Suggestion - replace gdm with kdm as the default

Tom Horsley tom.horsley at att.net
Mon Mar 16 19:59:28 UTC 2009


On Mon, 16 Mar 2009 11:57:43 -0700
Marc Wilson wrote:

> Really.  Describe this "rational" behavior, please.  What "configuration"
> does the login manager need?

You must not have started reading from the beginning of the thread.
The primary objection is from people who have lots of users defined.
The foolish, slavishly copied, windows login behavior of having a
GUI list of users to select from becomes hopelessly cumbersome, not
to mention slow to draw.

I only have one user and I find it cumbersome as well. If I click on
my name, it takes a fantastic amount of time (given that computers
are reputed to be faster than people) to redraw so I can start
typing in the password field. I have to pause and wait for it before
I can login.

The layout of the screen is also utterly foolish.
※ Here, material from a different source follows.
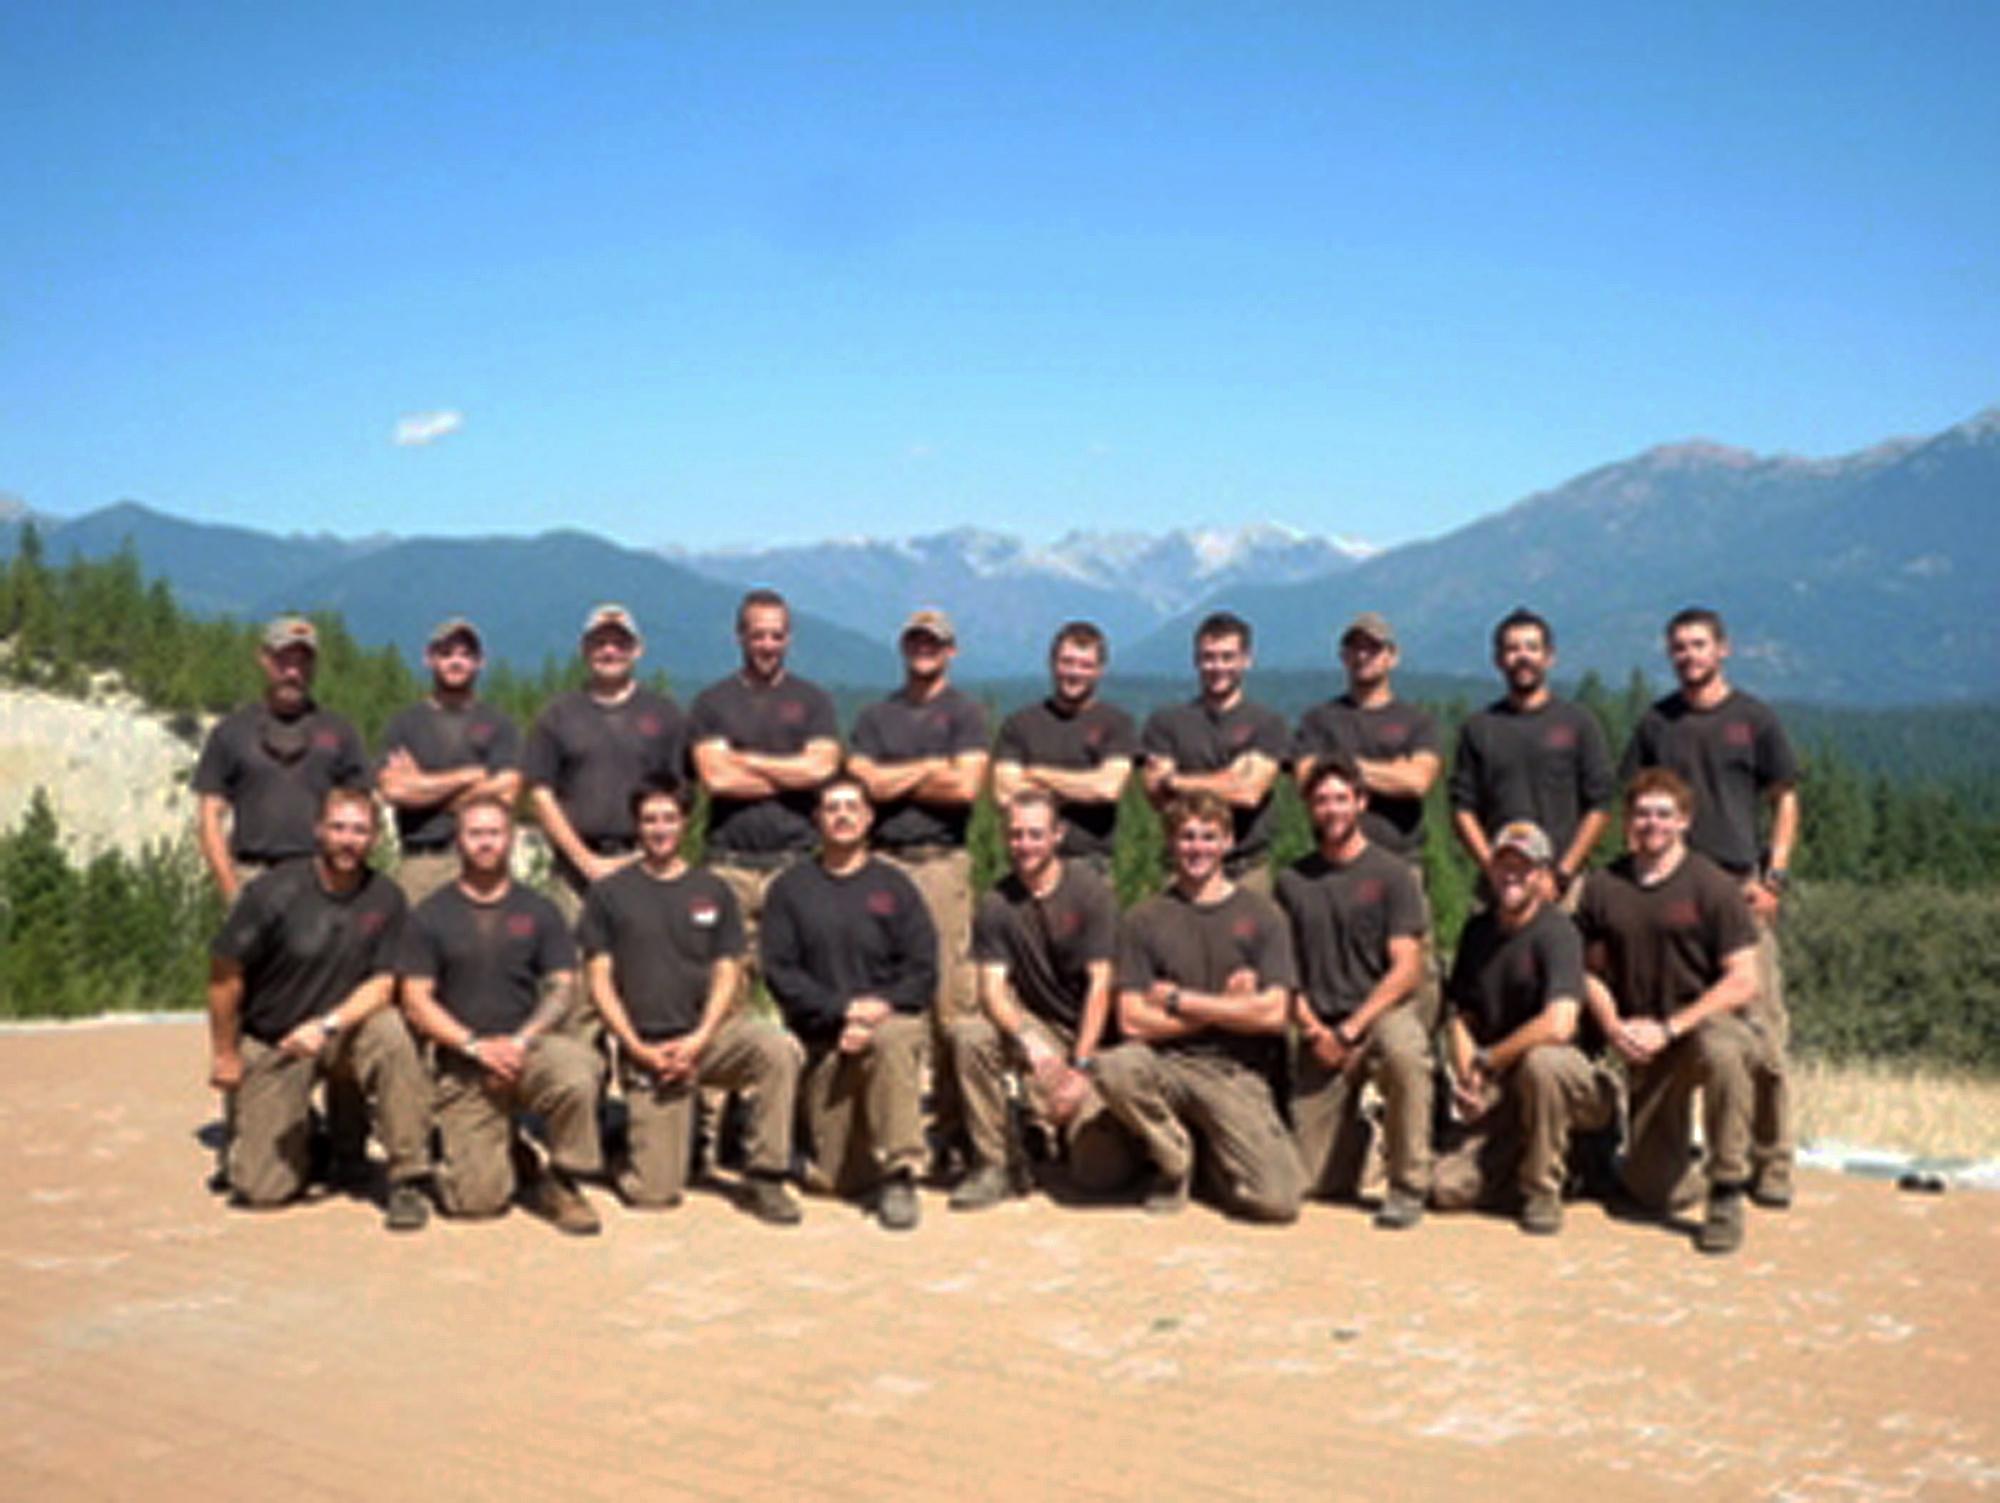 Arizona yavapai county yarnell - Lone Survivor Honors 19 Brothers At Arizona Firefighters Memorial Nbc Southern California

The options to
select which kind of session to login as are way down on the bottom
of the screen, as far away from your eye line as they can get them,
and they don't even appear until you select a user, so unless you
somehow happen to search the screen for additional controls after
picking a user, but before logging in, you spend a lot of time being
frustrated that you can't change your login session because you
never even saw the $#@! hidden controls.

Then we really do get to the fact that it doesn't have knobs to
tweak. Once upon a time you could control the X server startup
options. If you wanted to remove the -nolisten tcp option, you
could do that, if you wanted to increase the debug level of the
information dumped to the X log file, you could do that, if you
wanted to set the -dpi option, you could do that.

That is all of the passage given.